Pulitzer winner dug beyond politics to explore impact of food stamps on American families
GWEN IFILL Interview of ELI SASLOW
25 million children on food stamps
Forty-seven million people, or one out of every seven Americans, rely on government assistance to feed their families each month. For them, the $78 billion federal Supplemental Nutrition Assistance Program, long known as food stamps, is a lifeline.
And I think it’s easy here in D.C., or in a lot of places, to feel like the economy has recovered, the recession is over, people are doing better, the stock market is up.
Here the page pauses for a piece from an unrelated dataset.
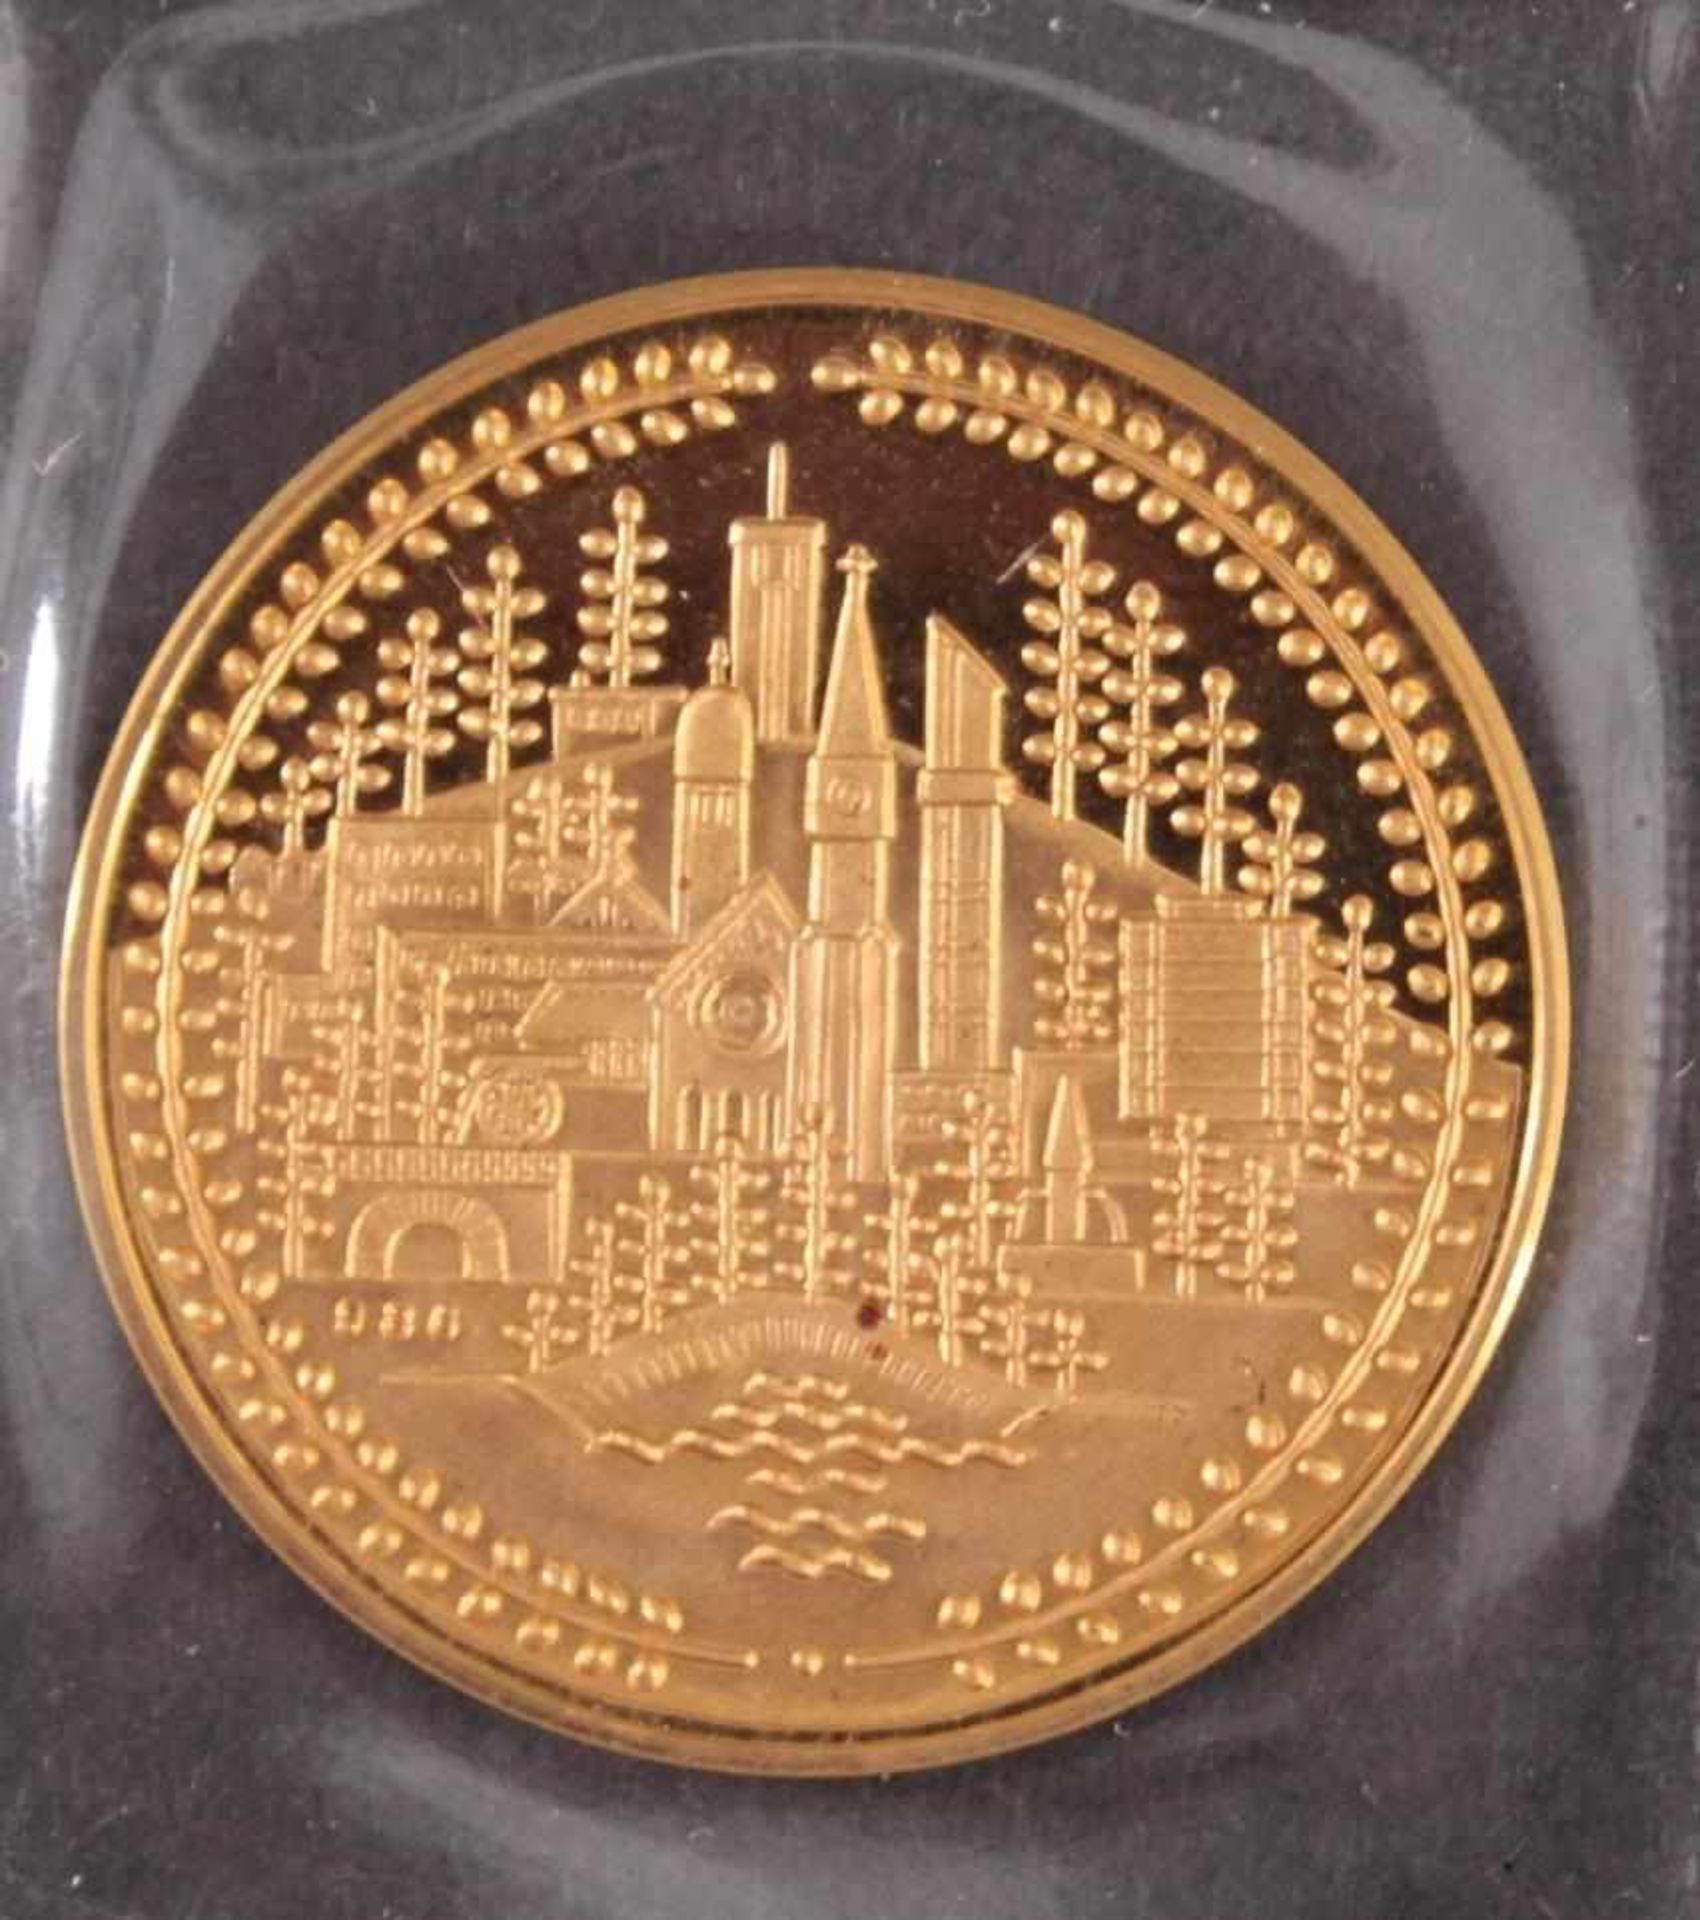 Goldmedaille Stadt Oberkochen 26. Juni 1986Eingeschweißte Medaille, Durchmesser ca. 26 mm, - Image 2 of 2

But the truth is, there is this lasting scar of the economic collapse, and it’s these 47 million people, one in seven Americans who are now dependent on the government for their food.
And the kind of journalism that I do, which we refer to as narrative journalism, it’s — I might be writing about big issues and numbers, but I’m doing that by going into people’s lives and into their homes, and not just interviewing them for a few minutes or a few hours, but really shadowing them for sometimes a week or two at a time.
And that’s a lot to ask of people, especially when you’re there when — in those weeks where the fridge is more and more empty and when maybe their three or four kids are not having very much toeat or waiting for one — one meal a day that’s provided by a food bank.
It’s a huge act of courage for people to say, sure, come into my life, watch this happen, and write about it for all these people to read.